For the global kernel guys, I'd ask what is the reasoning for using
HZ=250 by default, I wonder? It seems like this number is from the
dark ages (pre-git, pre-bitkeeper, maybe pre-recorded history ;) and
the reason is lost. Why not HZ=100 or HZ=300 (if the help text is to
be believed, and it is probably older than God, HZ=300 is great for
playing back NTSC-format video.. :)? I can side with you on the
premise that in actual fact, defining a default HZ value in the
non-arch-specific kernel proper is a little quirky and it should be
something the arches do themselves (i.e. move the default-setting
stuff at the end into the arch/*/Kconfig - I would expect that now
i386 CPU support is gone from arch/x86, there's potentially a better
value than HZ=250 for the default?).
Anyway, a patch for ARM could perhaps end up like this:
~~
if ARCH_MULTIPLATFORM
source kernel/Kconfig.hz
else
HZ
default 100
endif
HZ
default 200 if ARCH_EBSA110 || ARCH_ETC_ETC || ARCH_UND_SO_WEITER
# any previous platform definitions where *really* required here.
# but not default 100 since it would override kernel/Kconfig.hz every time
~~
Which preserves all previous behaviors on all possible ARM arch
combinations, but where no reasonable override is set.. Kconfig.hz is
king. I cannot imagine any situation except for AT91 or OMAP could not
do this in their own {mach,plat}-*/Kconfigs and not in the core
config, which cleans up the extra HZ block.
We can agree that the "default 200 if.." list is unwieldy and Arnd is
right in that there is some cargo-cult programming going on here,
right?
Even if we assume EBSA110 and a couple others are really affected by
having such timer setups, therefore "reasonable", I'd challenge anyone
to tell me Exynos4 or the S5P platforms do not have high resolution
timers capable of handling more than HZ=200 (or the default HZ=250)

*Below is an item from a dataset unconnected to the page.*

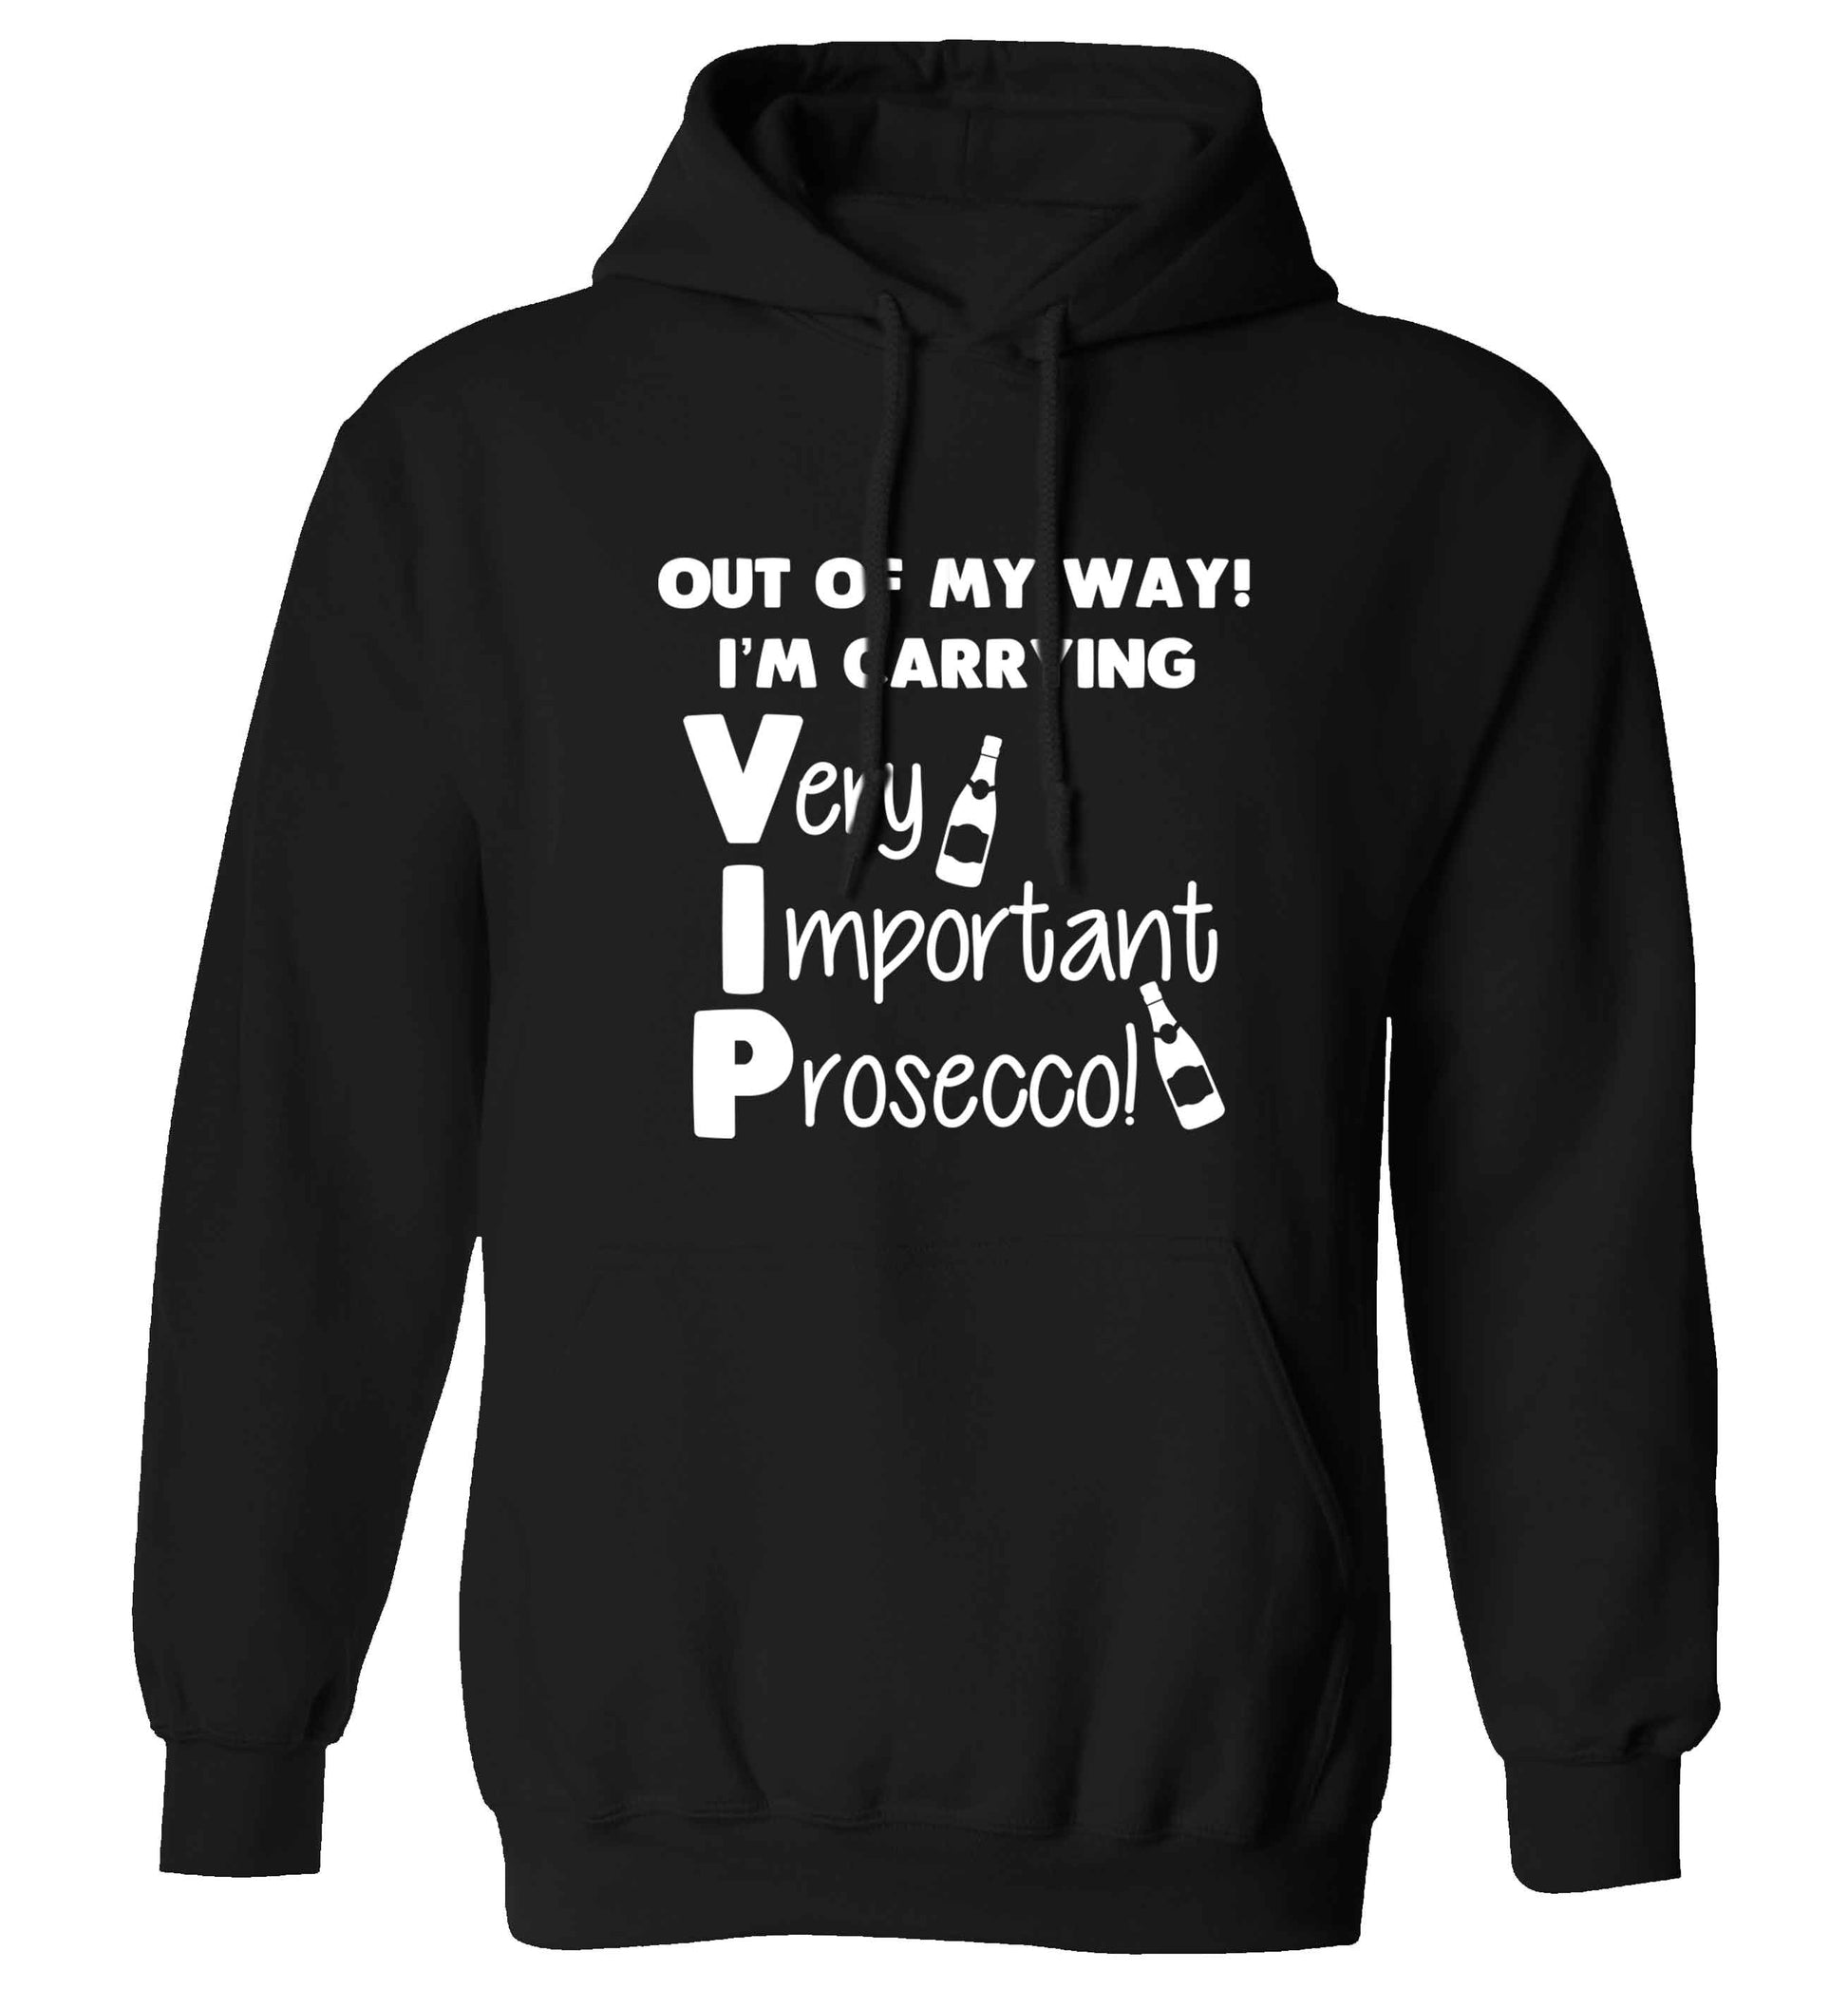 Out of my way I'm carrying very important prosecco! adults unisex black hoodie 2XL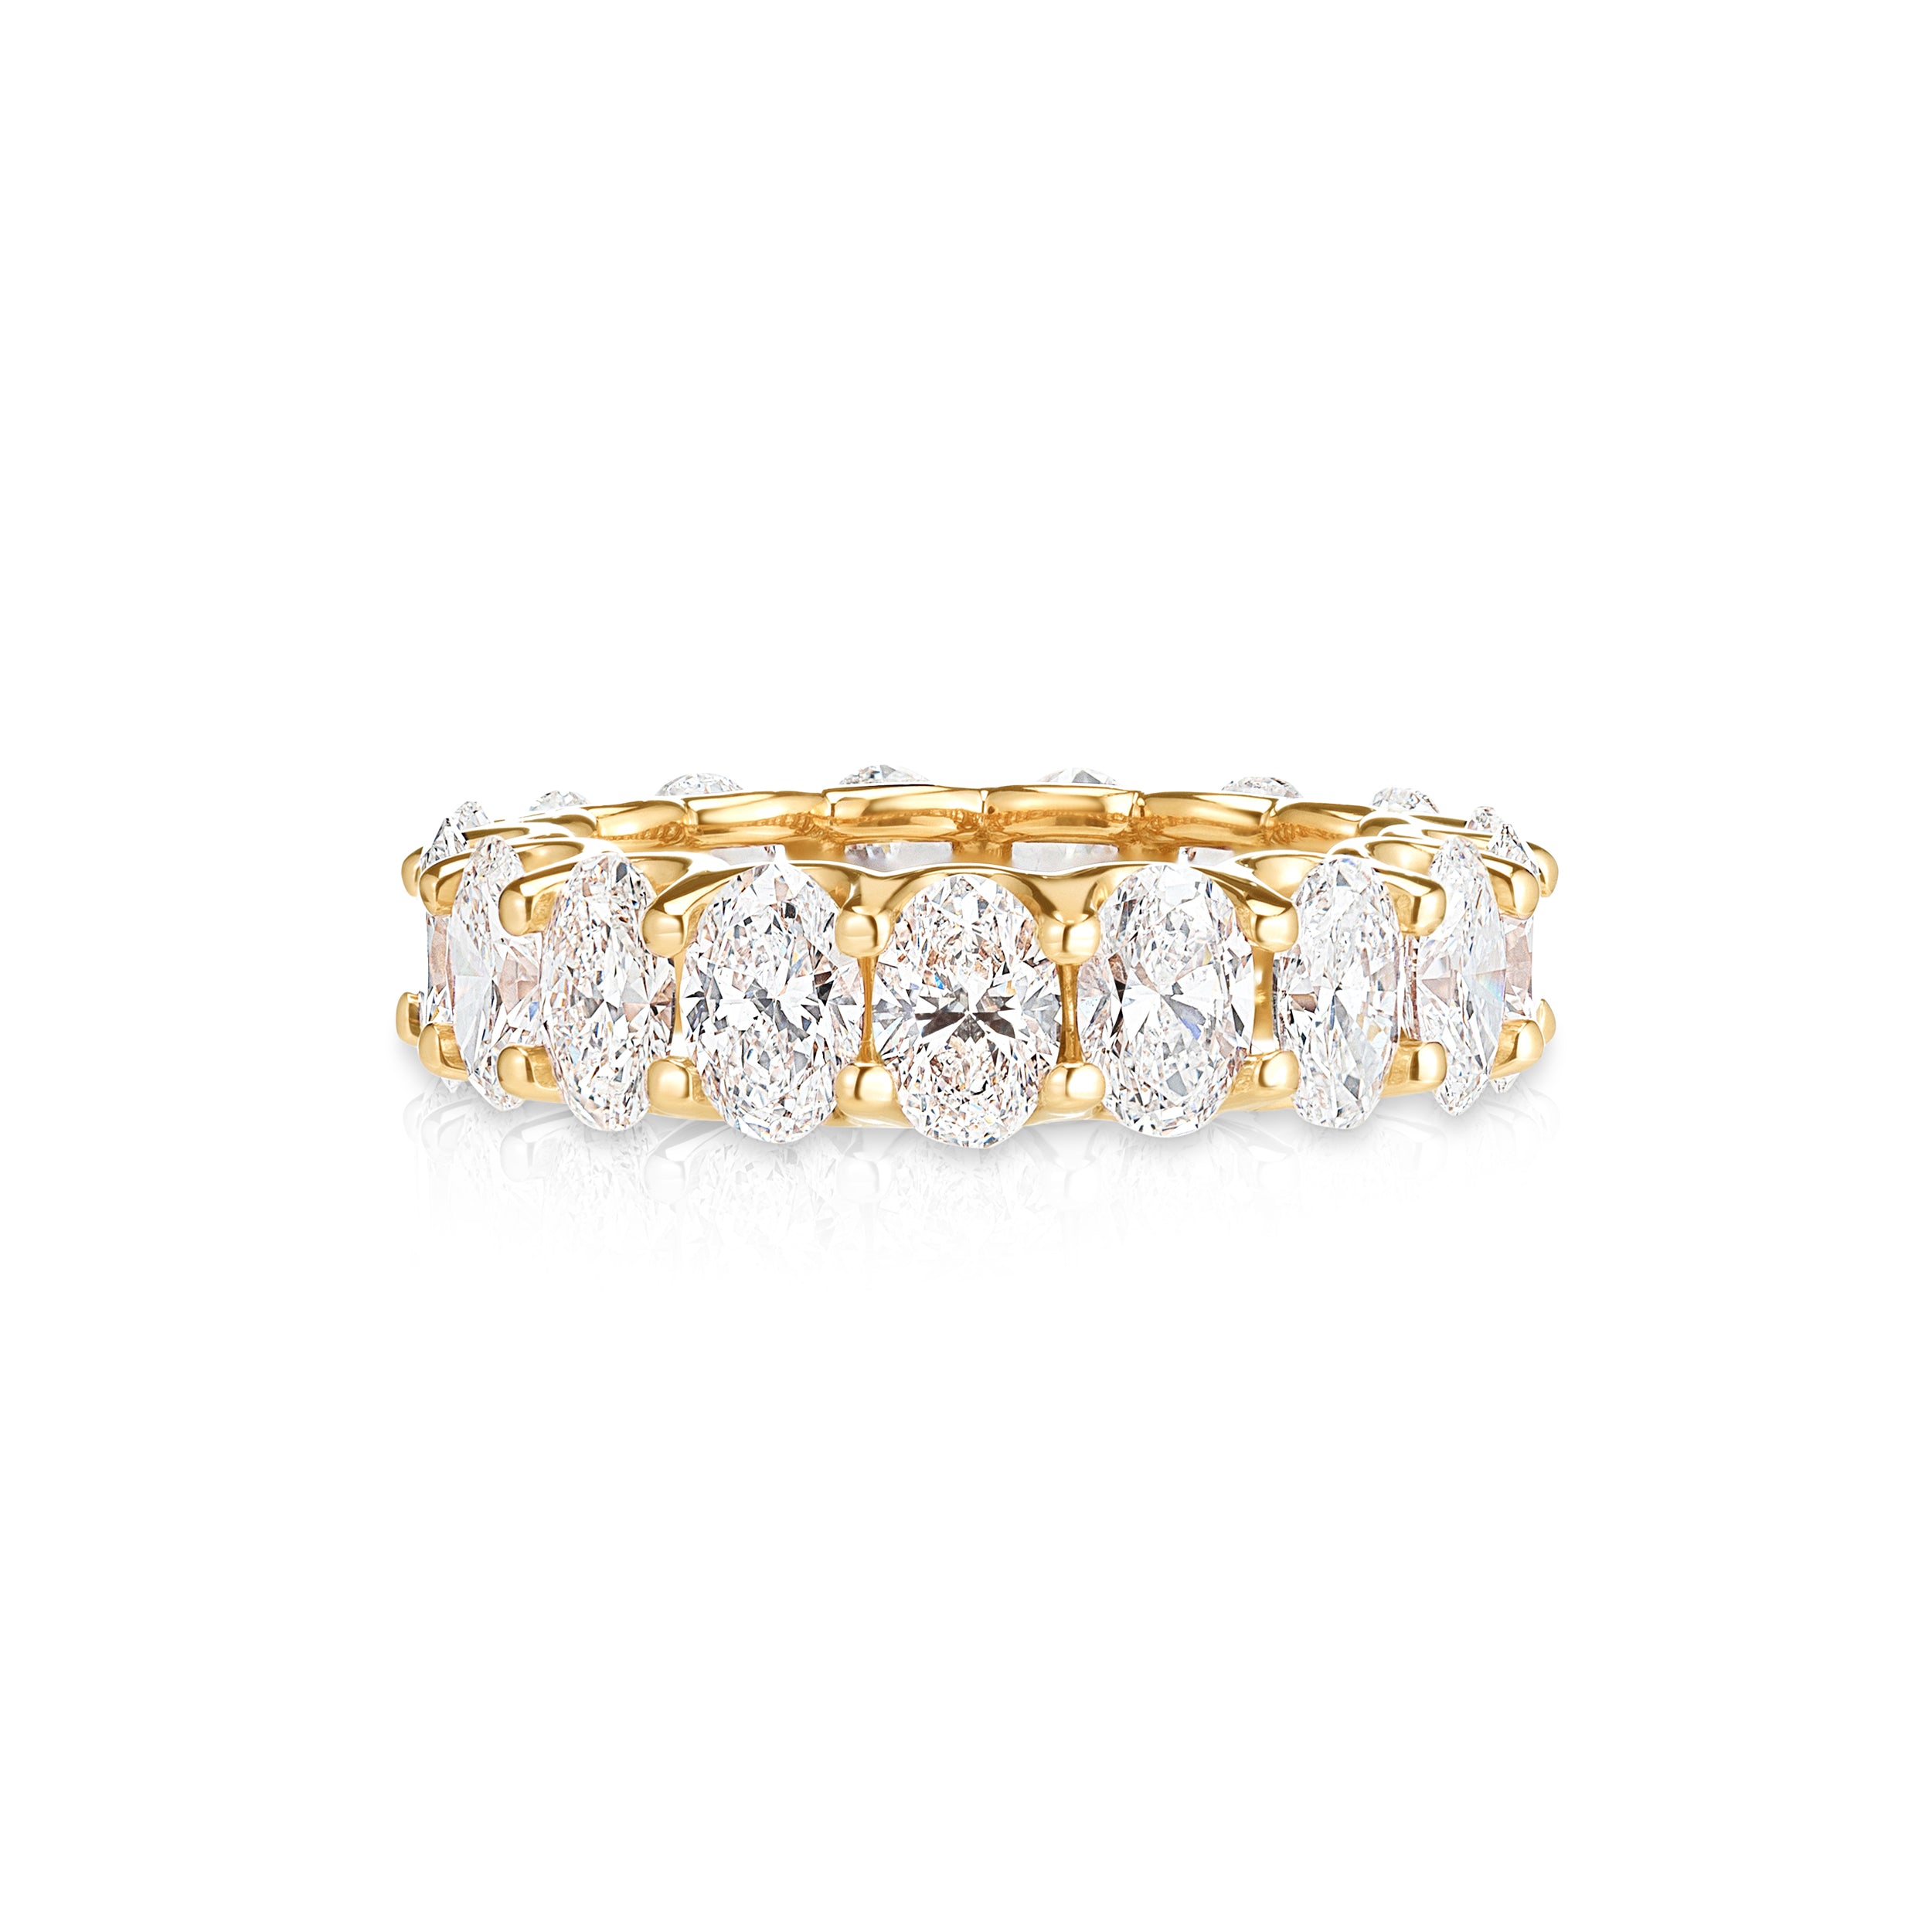 Oval Eternity Ring

which I would class as "unreasonable".. this is why I said it was
possibly both. I am not one to judge some of these platforms I've
never even heard of, that is why I am *asking* about it before I even
think of doing anything about it.
I tested this a few weeks ago with a *few* defconfigs (by sourcing
Kconfig.hz above the existing HZ definitions) and it does effectively
override the value I went in and stabbed into menuconfig, in the
resultant generated local .config file - if they themselves are
sourced AFTER the source kernel/Kconfig.hz (which they pretty much
are) in arch/arm/Kconfig.
Could we also at least agree that if EBSA110 can handle HZ=200 with a
16-bit timer, or HZ=128 for OMAP and that AT91 will override it to 100
on it's own, then that "default 100" is overly restrictive and we
could remove it, allowing each {mach,plat}-*/Kconfig owner to
investigate and find the correct HZ value and implement an override or
selection, or just allow free configuration?
As far as I can tell AT91 and SHMOBILE only supply defaults because HZ
*must* meet some exact timer divisor (OMAP says "Kernel internal timer
frequency should be a divisor of 32768") in which case their timer
drivers should not be so stupid and instead round down to the nearest
acceptable timer divisor or WARN_ON if the compile-time values are
unacceptable at runtime before anyone sees any freakish behavior. Is
it a hard requirement for the ARM architecture that a woefully
mis-configured kernel MUST boot completely to userspace?
--
Matt Sealey <matt at genesi-usa.com>
Product Development Analyst, Genesi USA, Inc.